▶ DATA PROVIDED
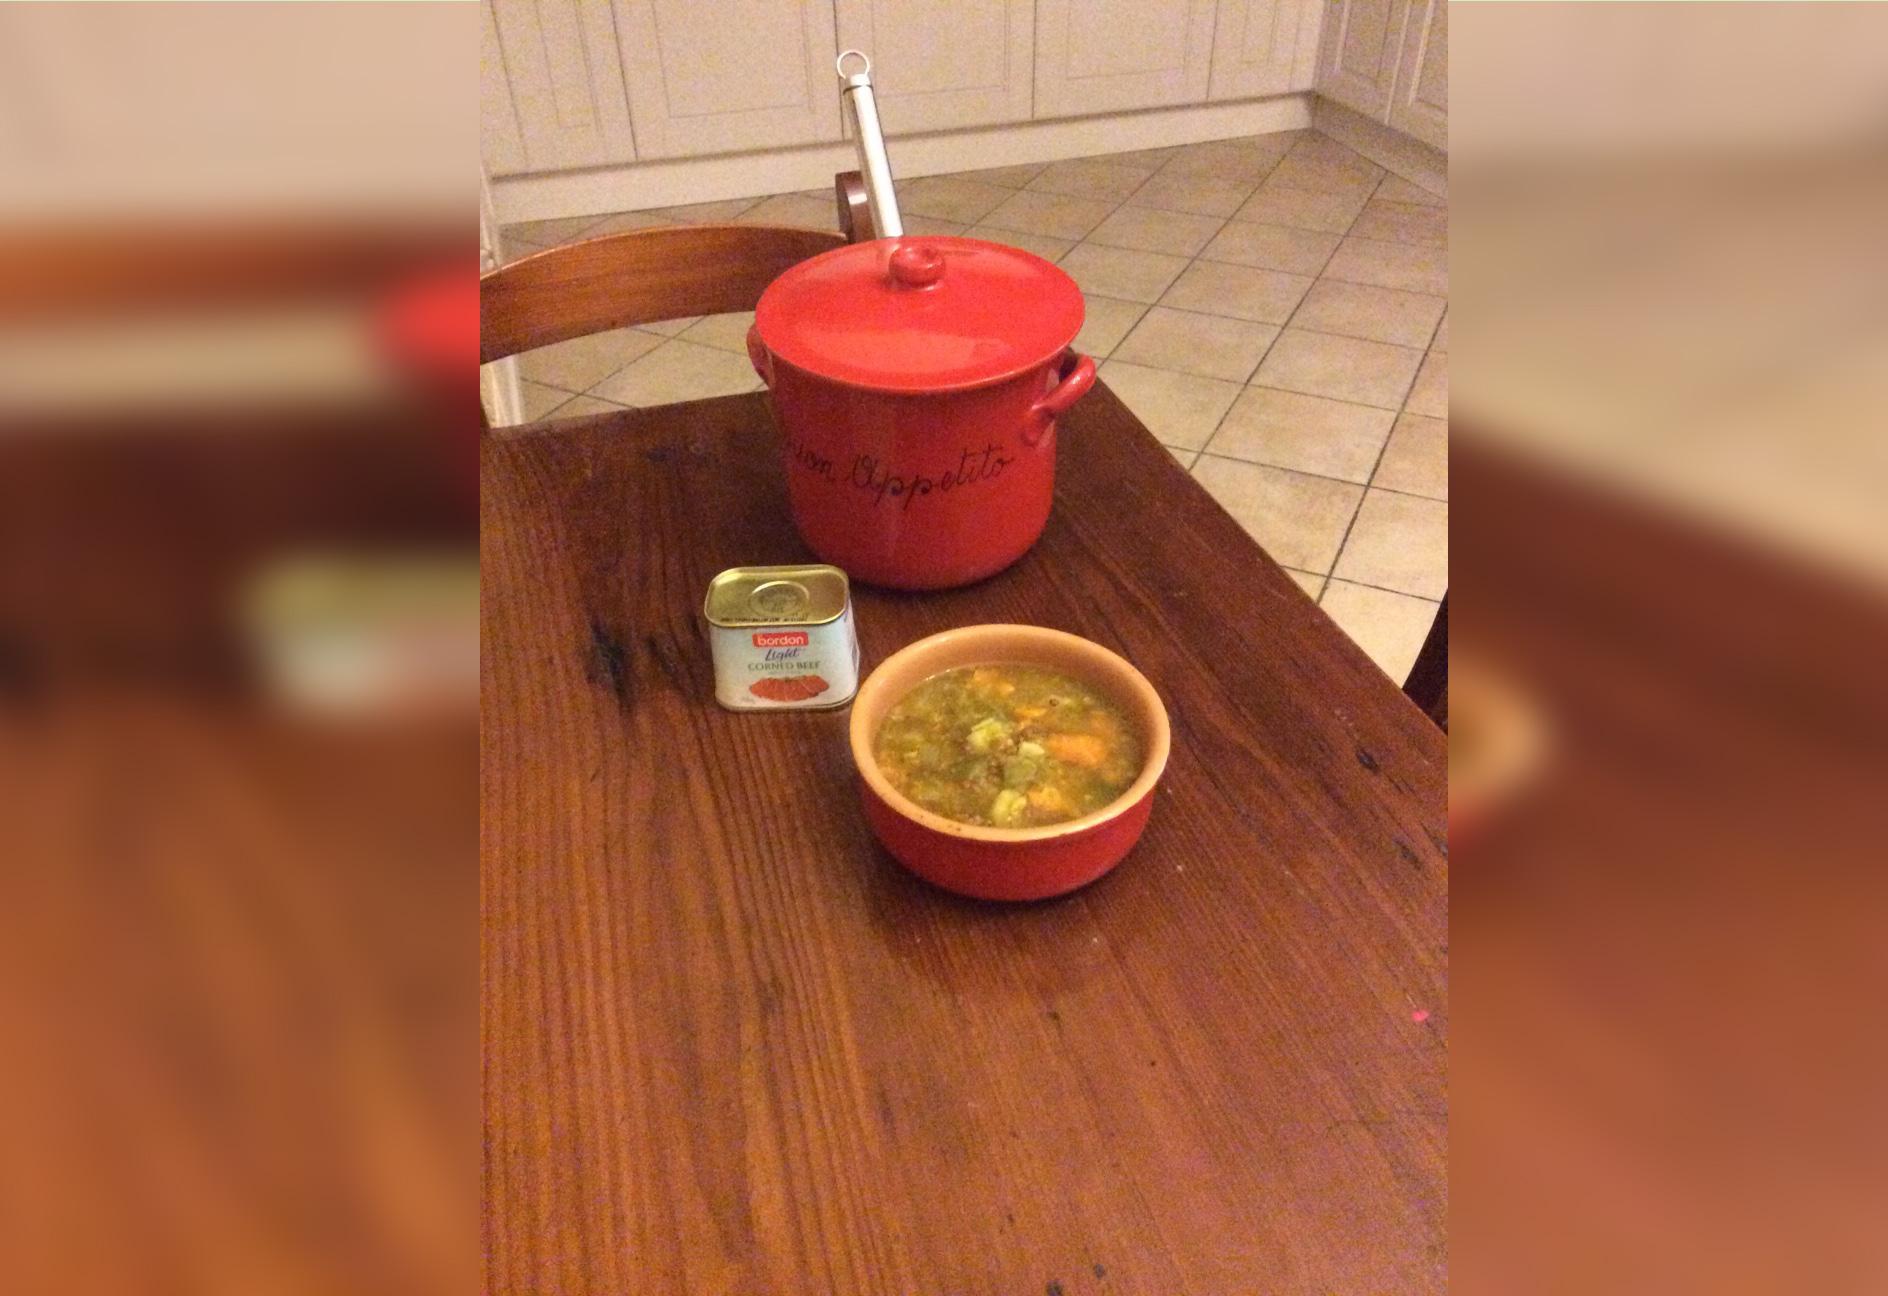 Doris-Camilleri-BORDON Recipe: Barley, corned beef and vegetable soup
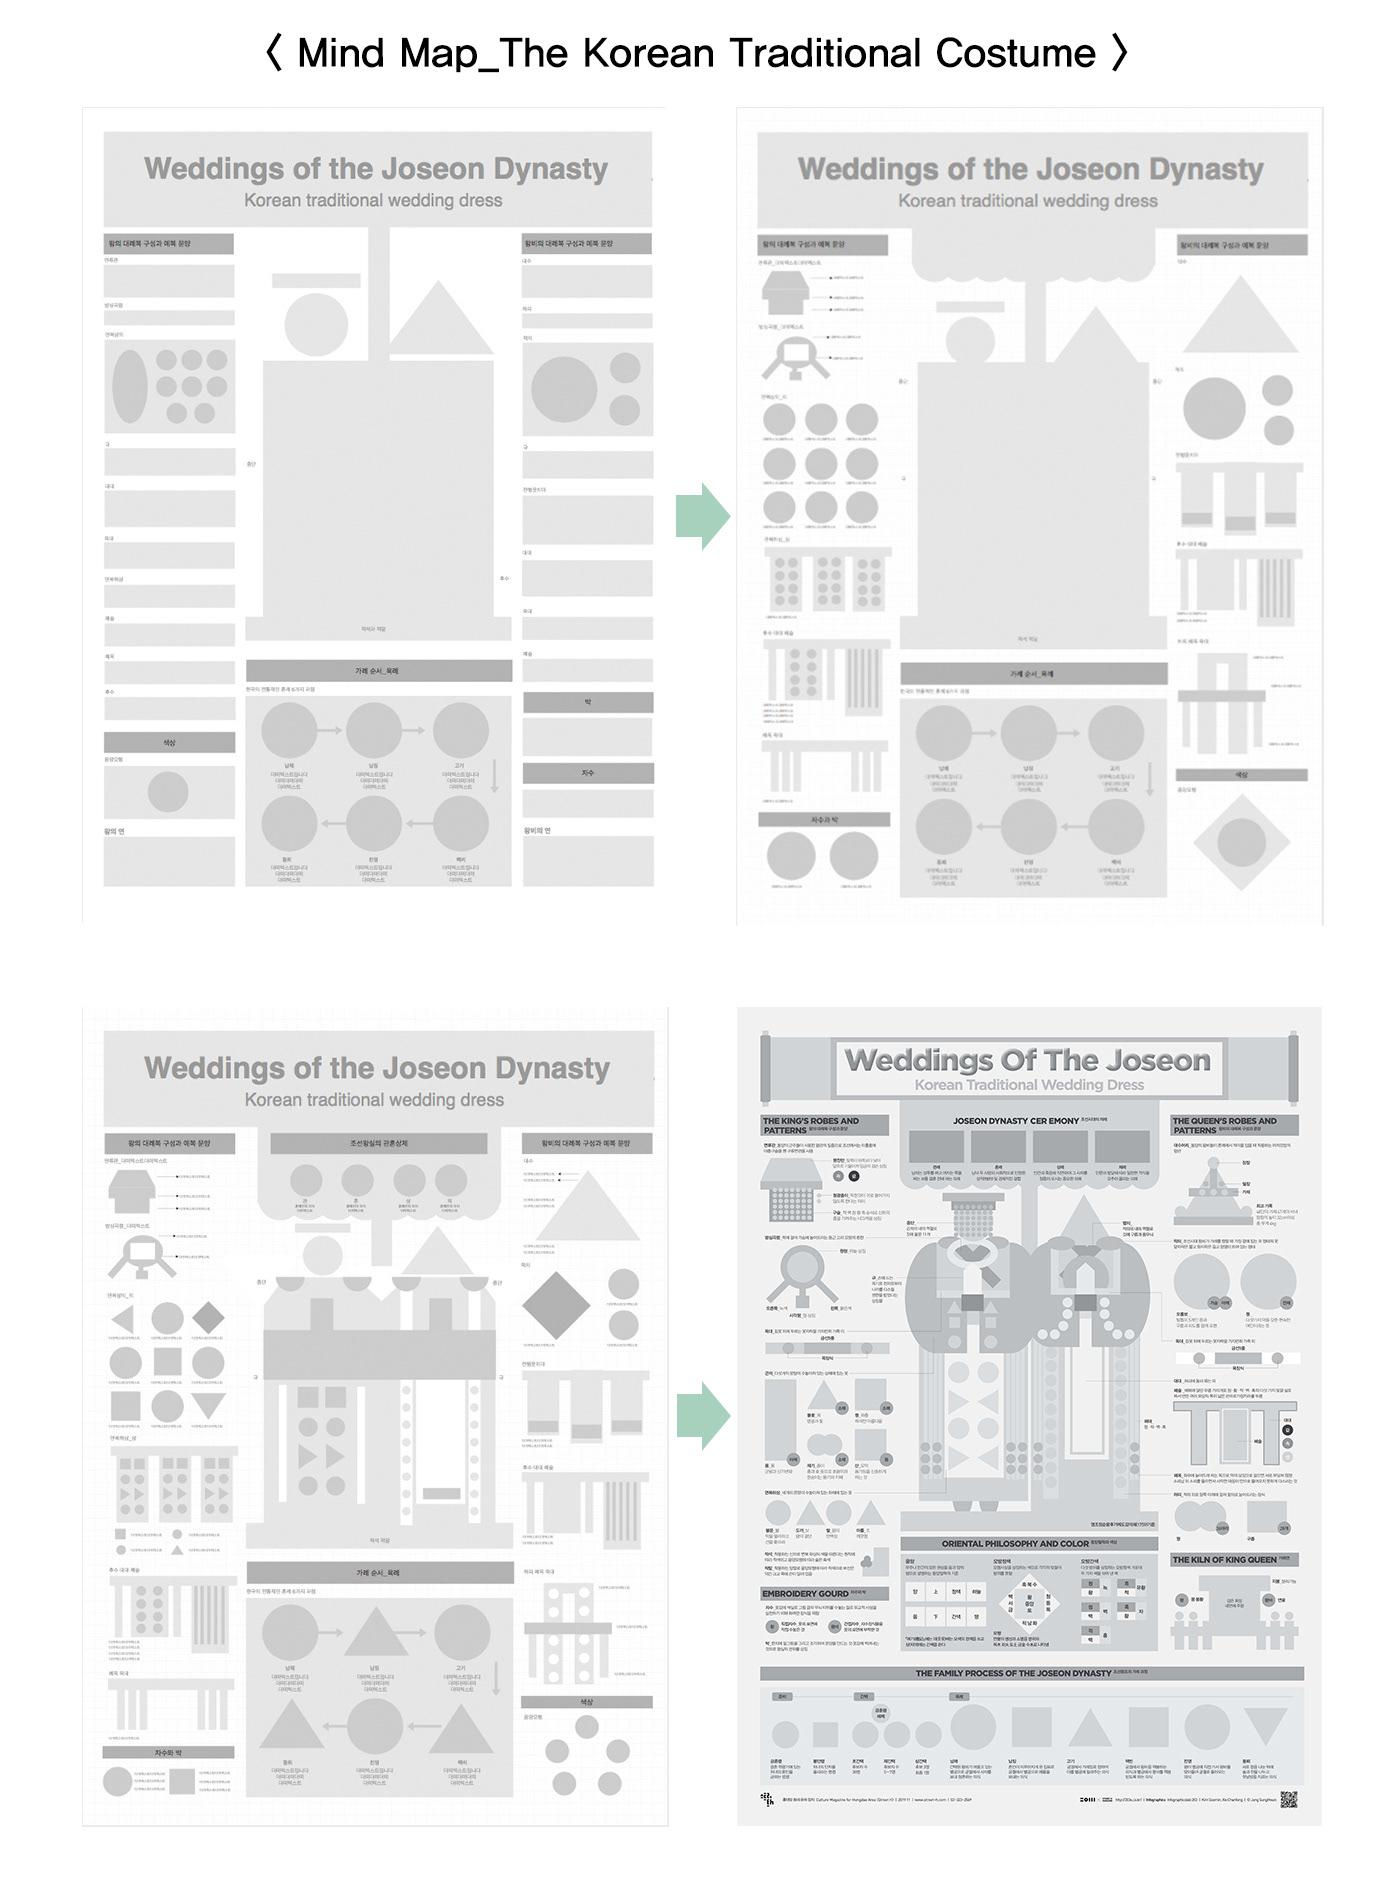 #203x costume dataviualization design editorial design  graphic infographic poster streeth the korean traditional
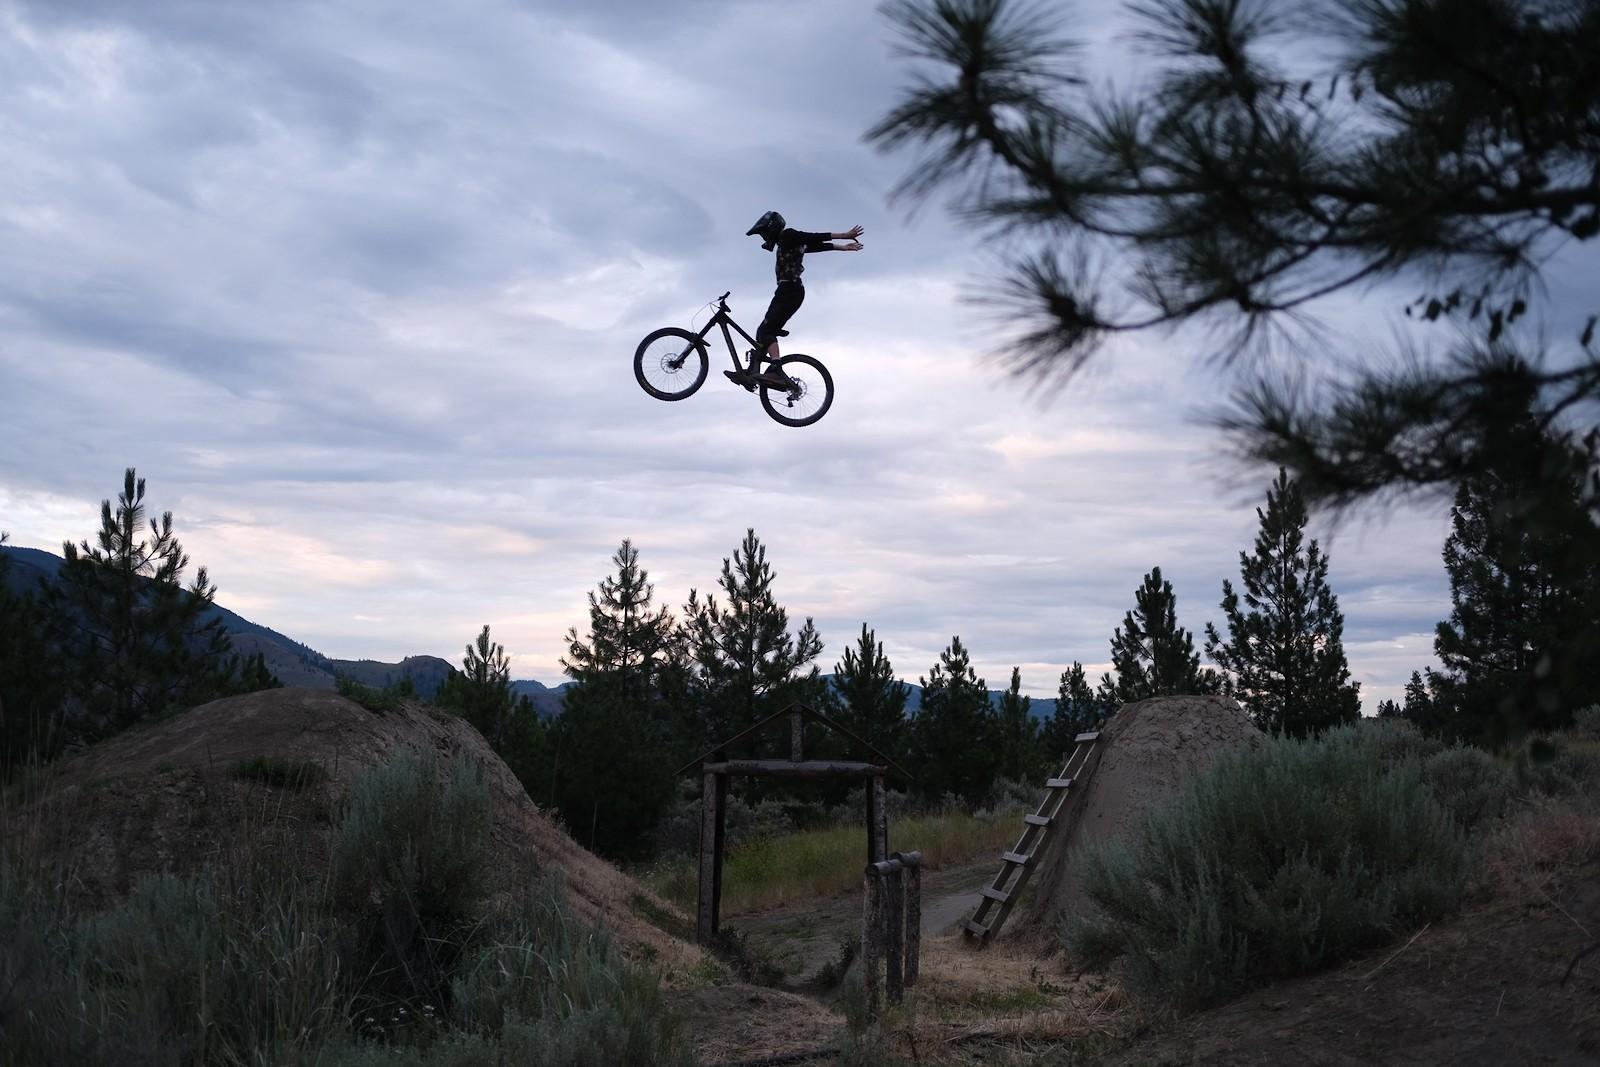 Kamloops Bike Ranch - Julian_Clauss - Mountain Biking Pictures - Vital MTB
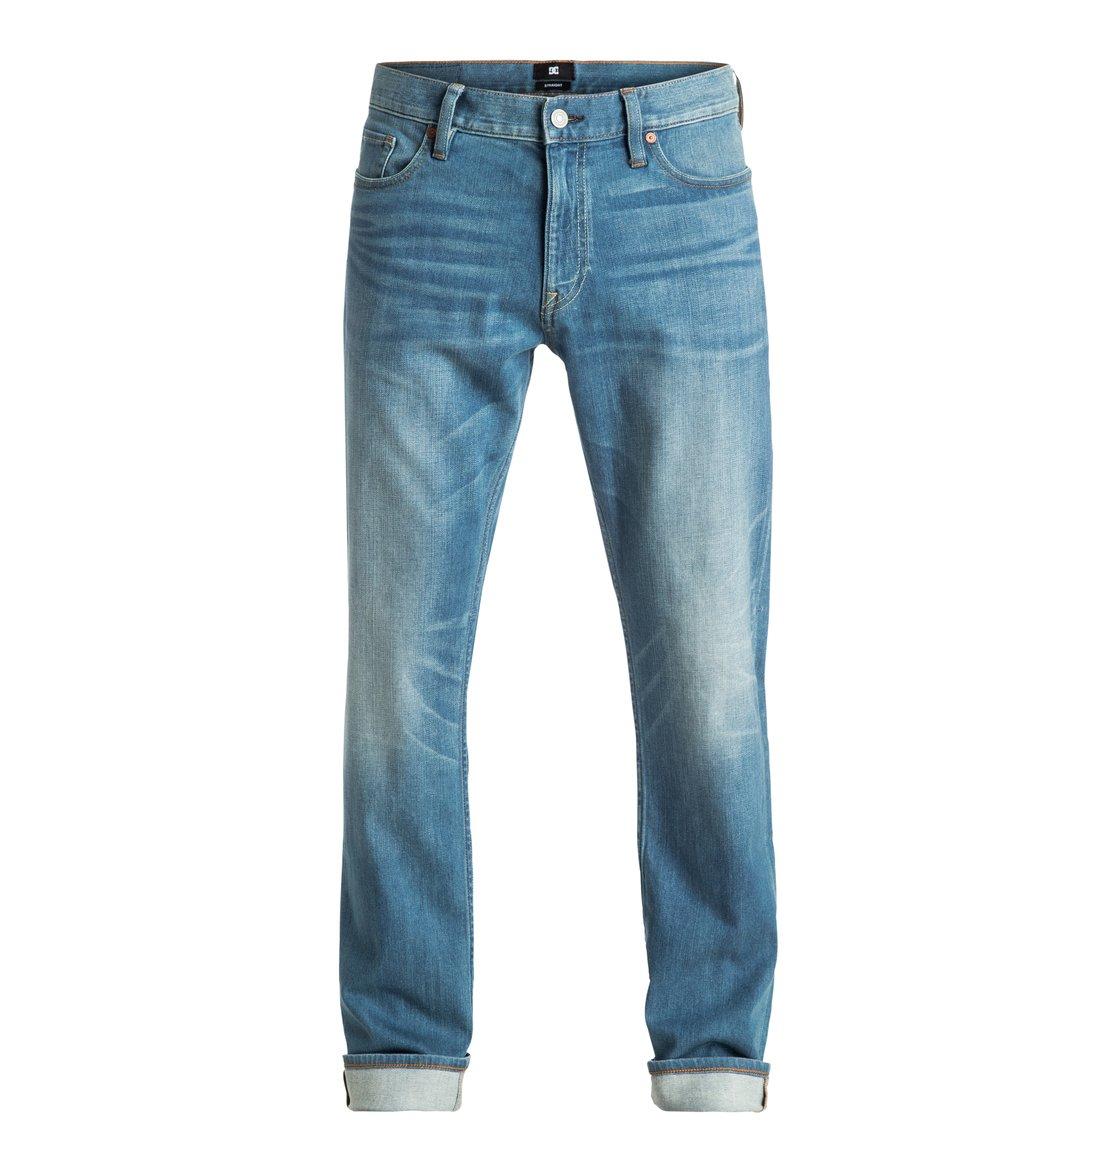 dc shoes Worker Medium Stone - Jeans Vestibilità Straight da Uomo - Blue - DC Shoes

▶ PROMPT
Leaving every image behind, repeat the data in full and exactly.

▶ OUTPUT FOR THIS EXERCISE
 Doris-Camilleri-BORDON Recipe: Barley, corned beef and vegetable soup
 #203x costume dataviualization design editorial design  graphic infographic poster streeth the korean traditional
 Kamloops Bike Ranch - Julian_Clauss - Mountain Biking Pictures - Vital MTB
 dc shoes Worker Medium Stone - Jeans Vestibilità Straight da Uomo - Blue - DC Shoes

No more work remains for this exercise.